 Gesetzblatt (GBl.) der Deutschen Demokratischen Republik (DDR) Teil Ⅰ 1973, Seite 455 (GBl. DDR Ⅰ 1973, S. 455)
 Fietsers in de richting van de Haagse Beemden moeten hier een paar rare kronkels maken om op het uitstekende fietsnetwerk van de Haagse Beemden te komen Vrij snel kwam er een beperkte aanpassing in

◇ ◇ ◇ ◇ ◇ ◇ ◇

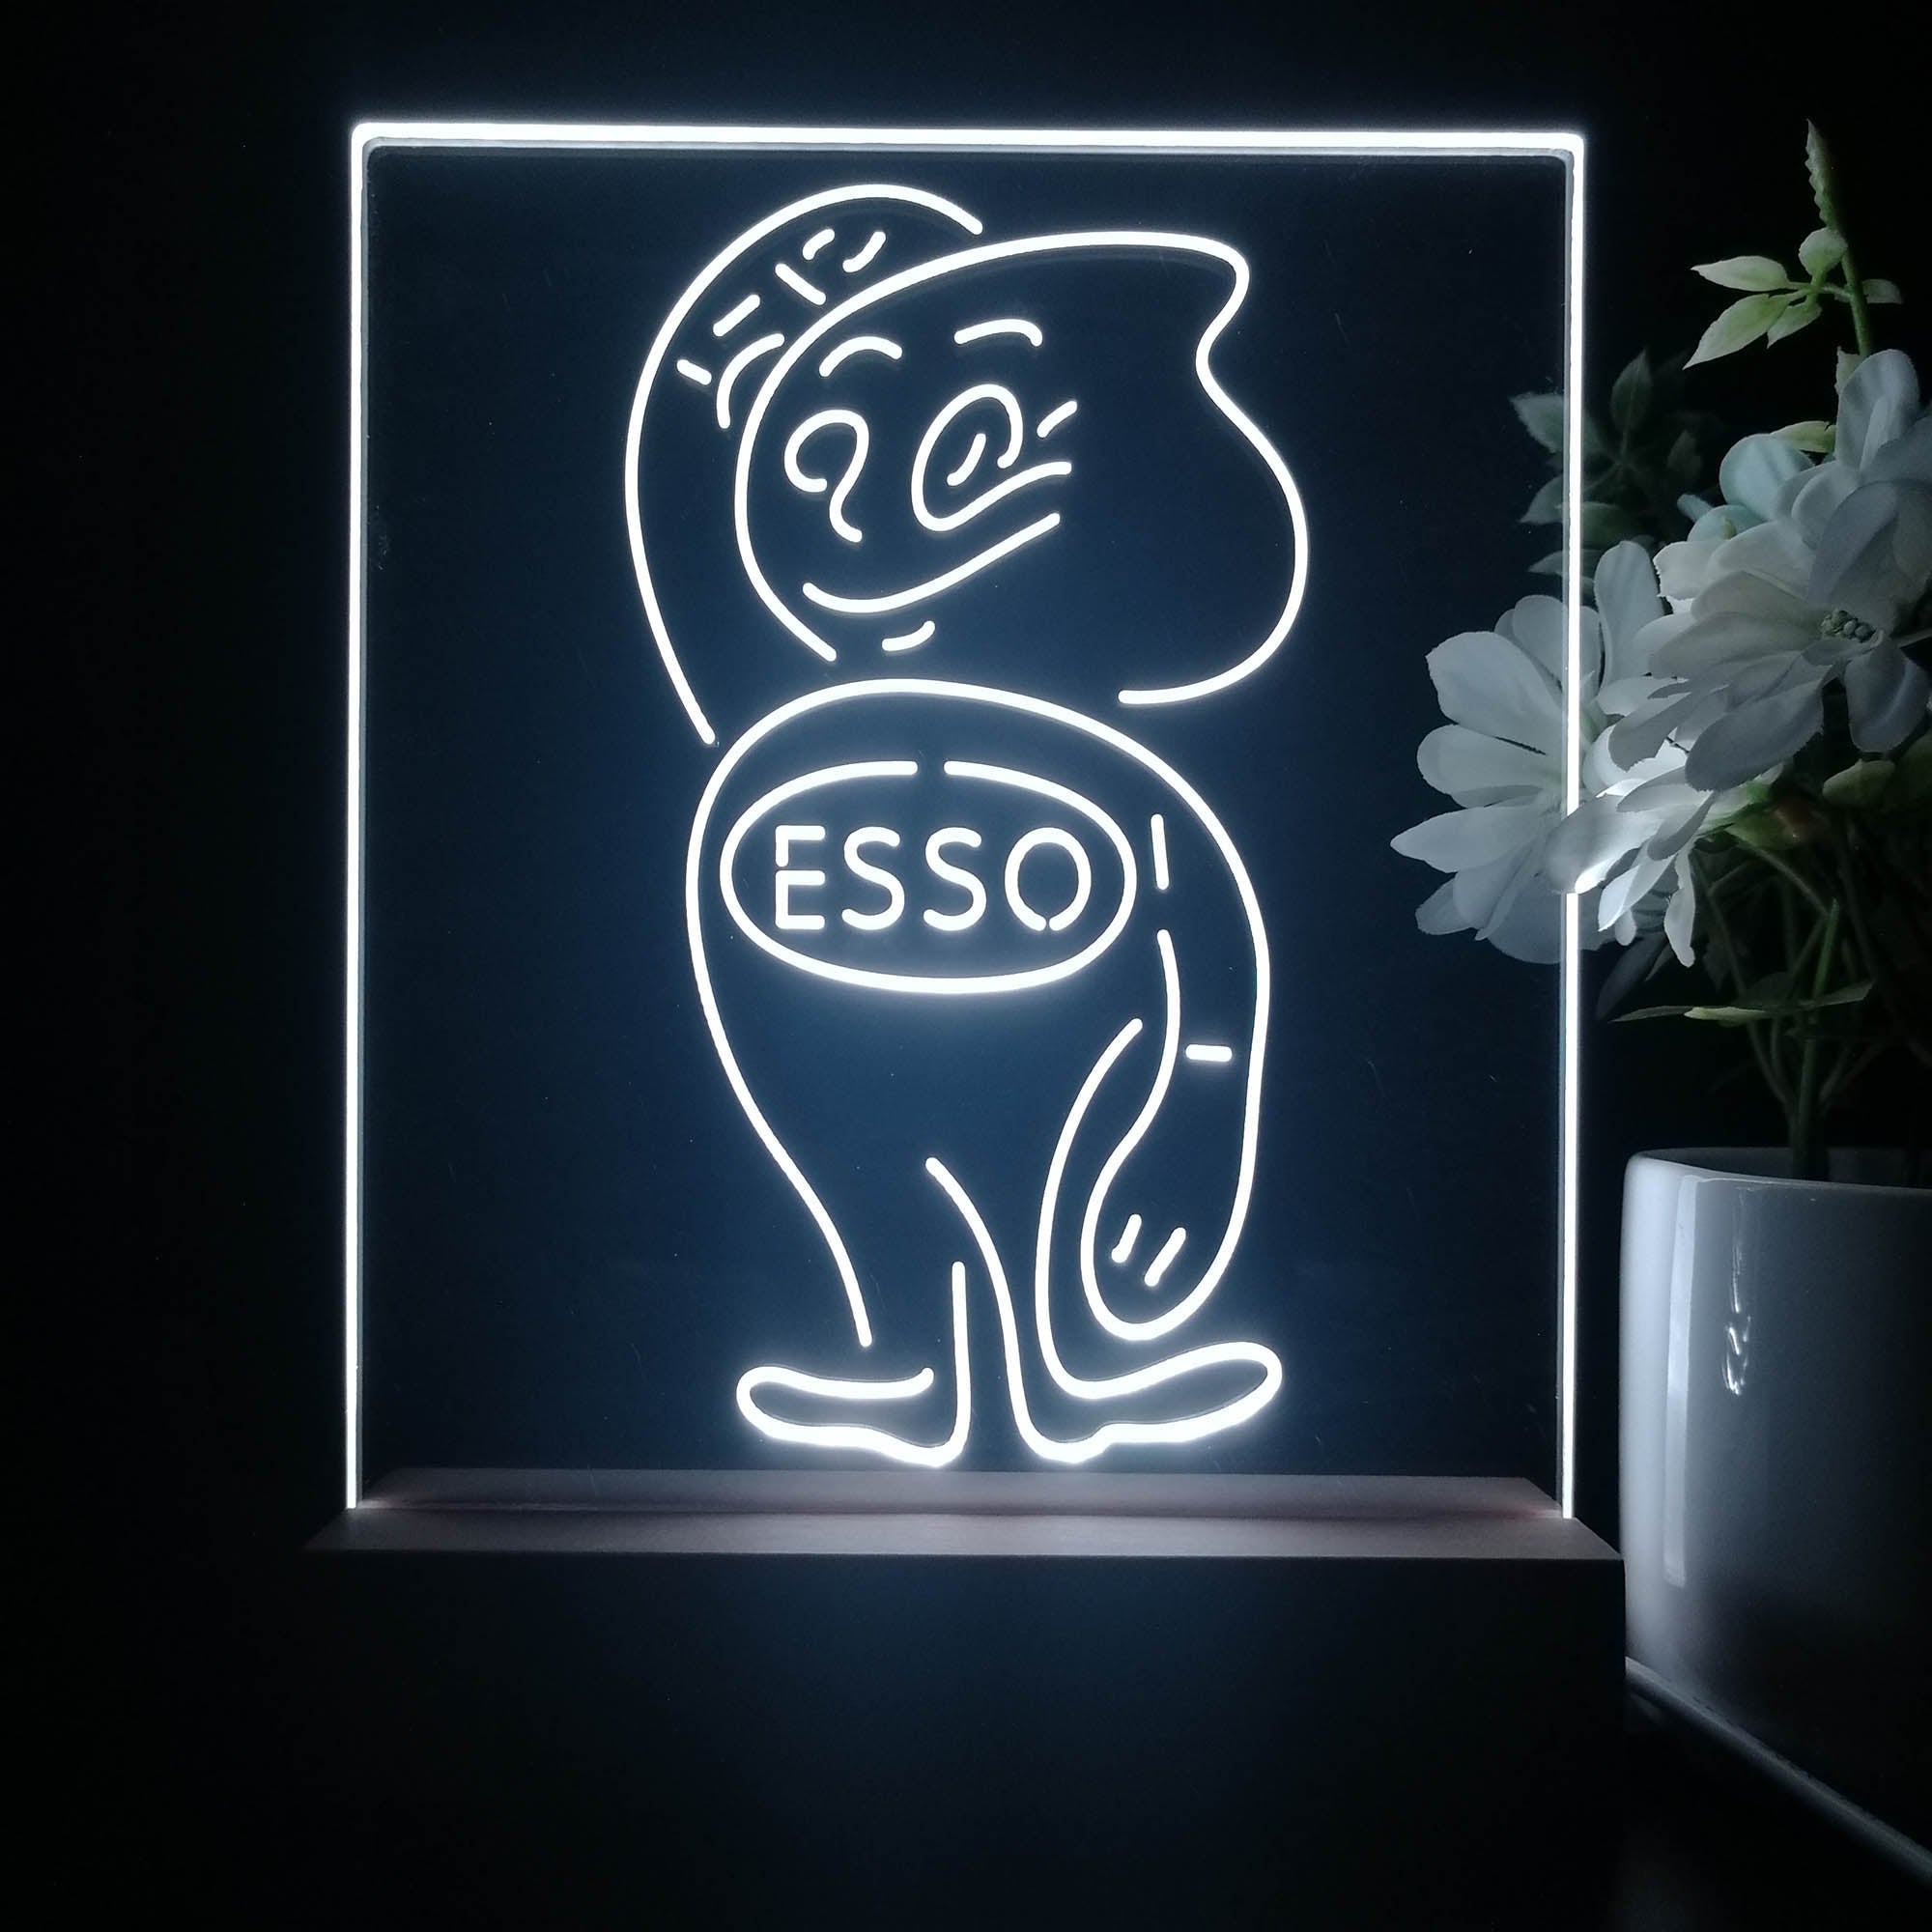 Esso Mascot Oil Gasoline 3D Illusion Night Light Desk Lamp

◇ ◇ ◇ ◇ ◇ ◇ ◇

## TASK DESCRIPTION
Look above for the line with "Gesetzblatt (GBl.) der" and the line with "Fietsers in de". Retype those two lines and every line between them exactly, adding nothing.

## PROBLEM SOLUTION
 Gesetzblatt (GBl.) der Deutschen Demokratischen Republik (DDR) Teil Ⅰ 1973, Seite 455 (GBl. DDR Ⅰ 1973, S. 455)
 Fietsers in de richting van de Haagse Beemden moeten hier een paar rare kronkels maken om op het uitstekende fietsnetwerk van de Haagse Beemden te komen Vrij snel kwam er een beperkte aanpassing in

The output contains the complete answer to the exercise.